As stated in this blog, there is a preferred way of measuring time for a kernel. While using nsight compute, the time is pretty different. (I’m new to it, so I’m not sure whether it is the actual name to use. I used ncu -o profile ./main for profiling, and nsight compute UI to check the result.)
Here’s what happened in details:
I launch the kernel using cuLaunchKernel(), and measure the time in the exact same way as in the blog above. The time is about 9ms. But when I changed the code before this function, which resides entirely in CPU, the time changed pretty frequently. It’s sometimes 9ms, and sometimes 12ms. The weirdest part is, in the same process, the kernel is run for three times (while with some other functions like cuMemAlloc invoked between them), the three records are the same. But, if run the program for multiple times, the time will be 9ms at some cases, and 12ms at the other cases. Seems to be random.

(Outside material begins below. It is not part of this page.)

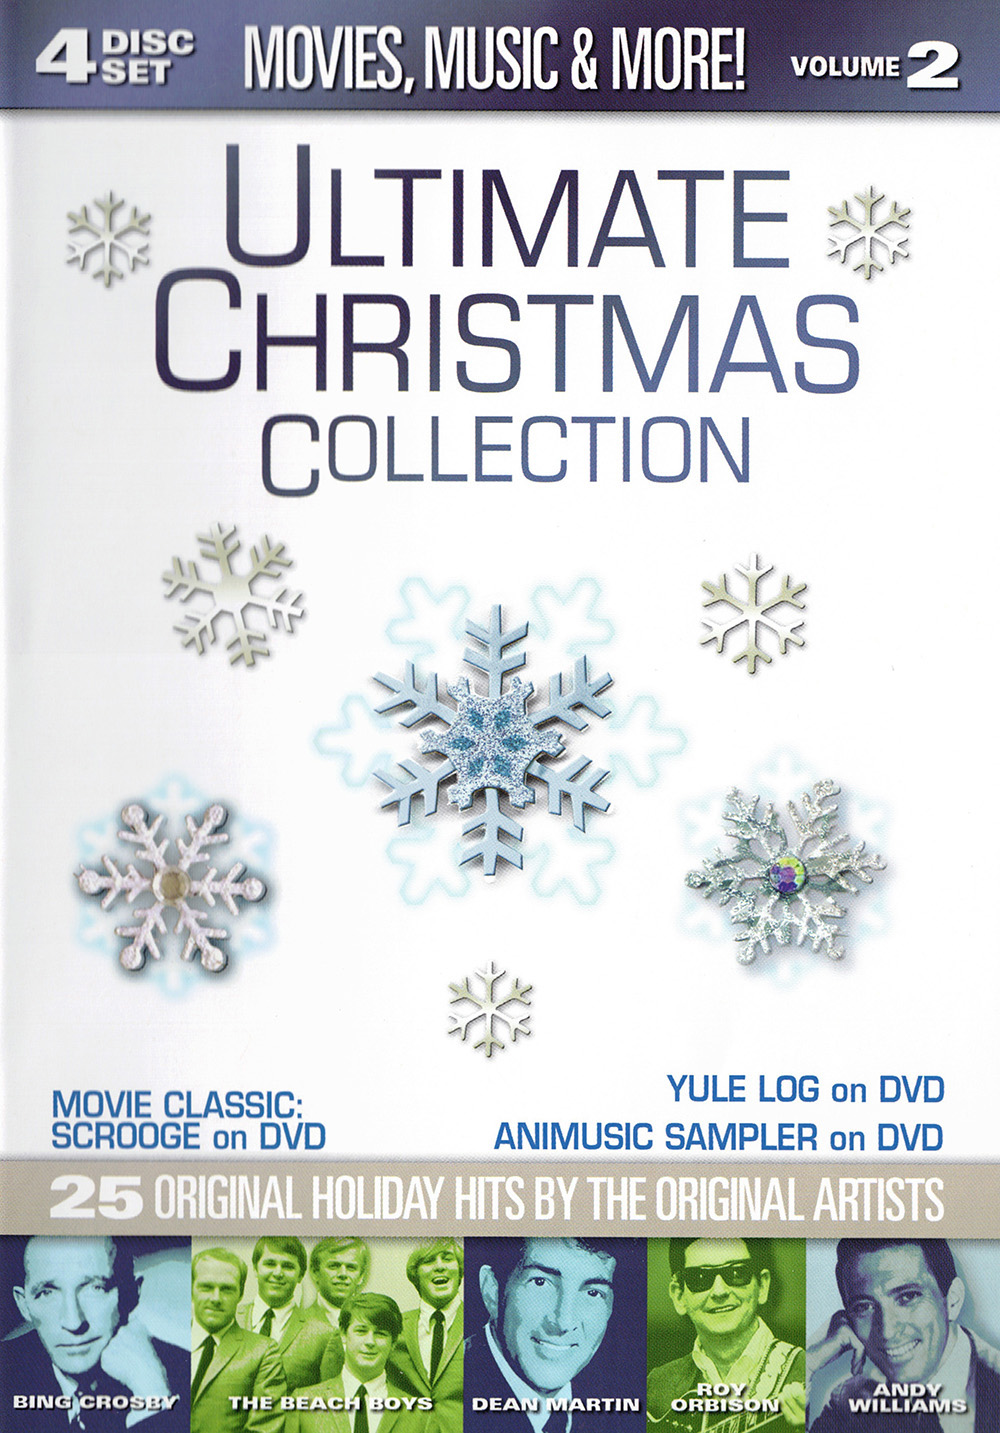 Ultimate Christmas Collection, Vol. 2 (4 CD)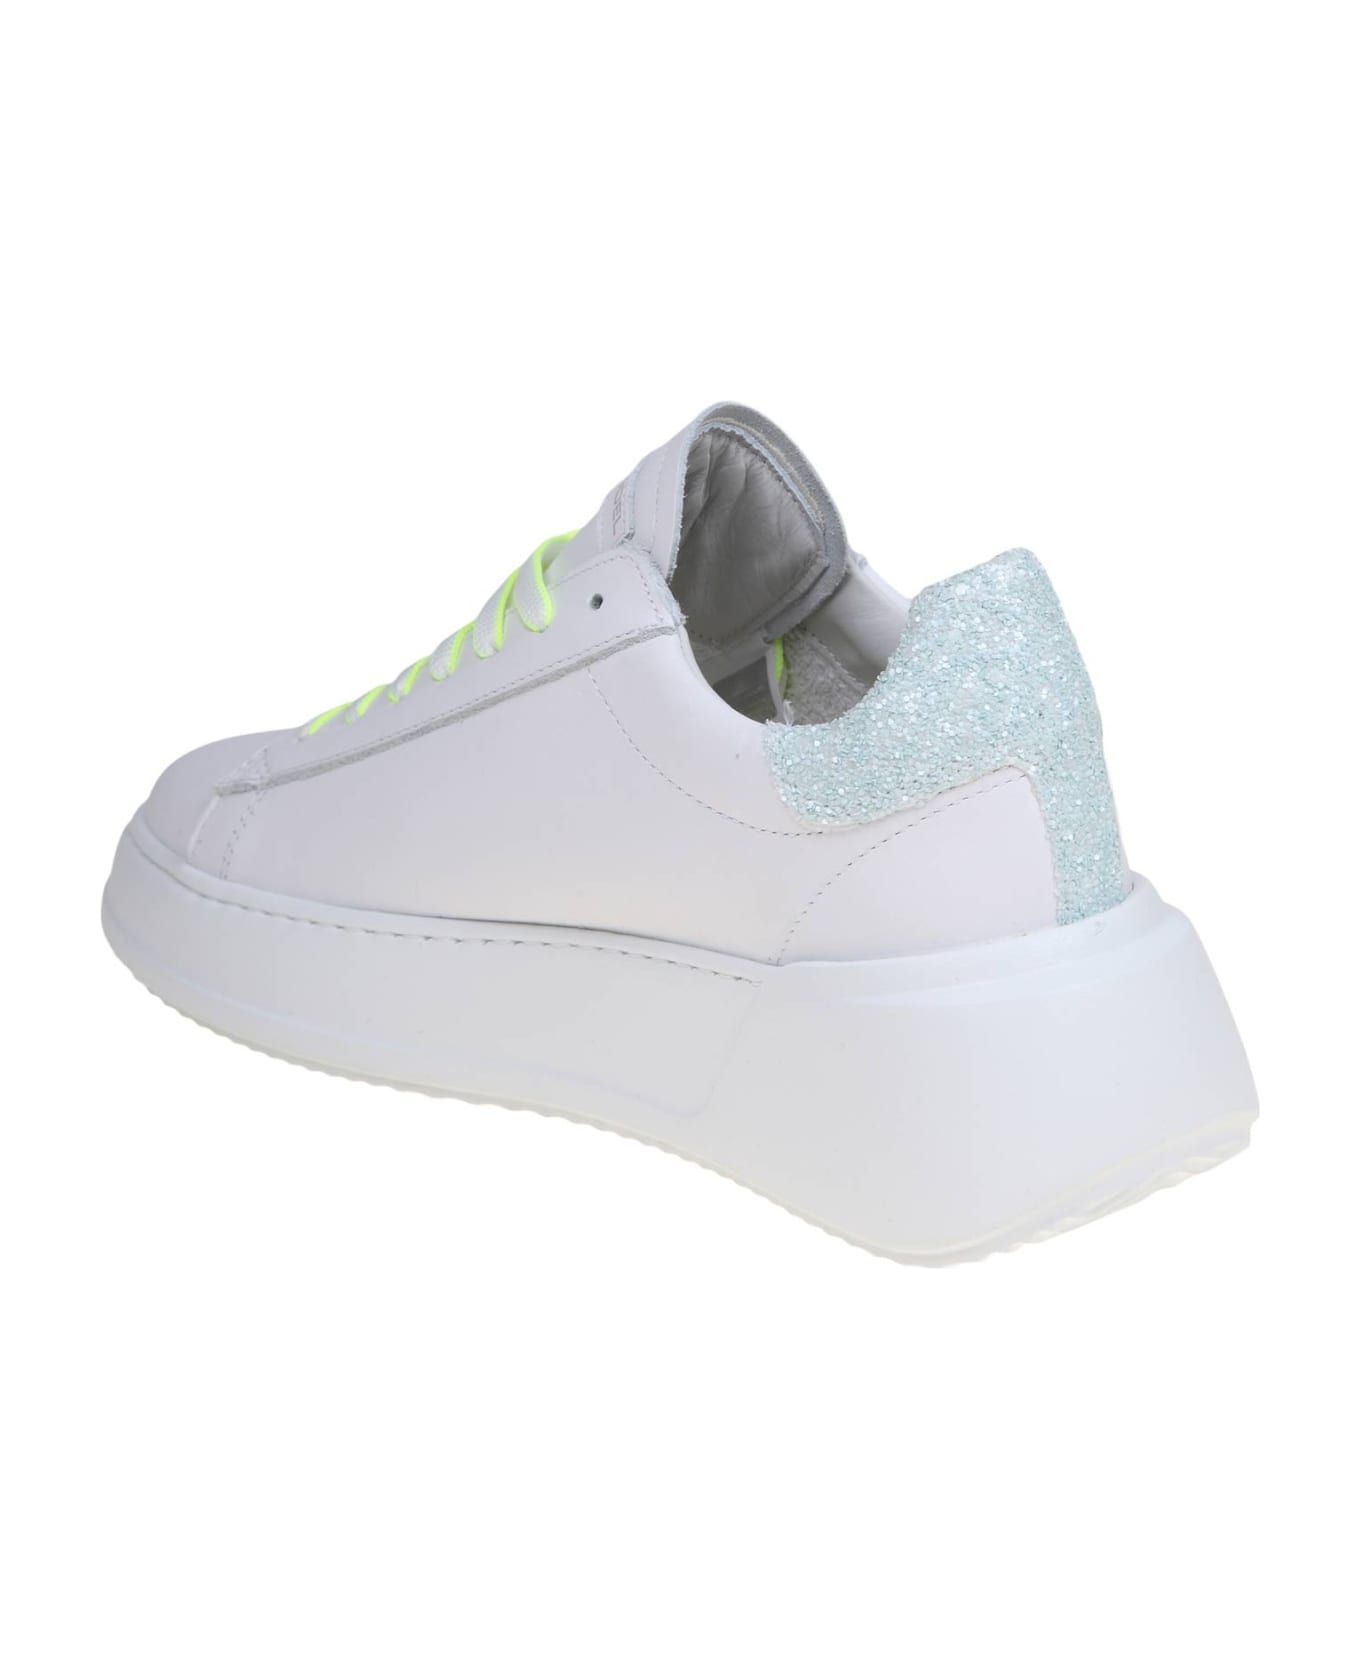 Philippe Model Tres Temple Low In White And Yellow Leather - Blanc/Jaune

I was upset, and tried nsight. This time the kernel time stays at 12ms. Remember there was a version of code where it is stable at 9ms? Even that version is said to be 12ms by nsight. (While these records do haven’t come out from a same run, as profiling destroy the “native” time record)
My question is:

  1. What has caused such a phenomenon? My imaginary answer is invalid memory access, but that still does not make sense.
  2. Is my way of using either cudaEvent or nsight wrong?
  3. What’s the best method to evaluate time? Will that be nsight, or as stated in the blog above, or anything else? When there’s a conflict, which one should I believe?

When doing measurements using the APIs described in that forum post, they could include things other than kernel time, for example if the GPU context switched between start/stop or lazy initialization occurs. These types of things may make measurements inconsistent. The most consistent way to measure just kernel time is using Nsight Systems. Nsight Compute can also measure the pure kernel time but can impact it because it flushes caches and locks the clock. These can impact kernel measurements. You can disable the cache flushing and clock locking optionally in Nsight Compute if you are only interested in kernel duration.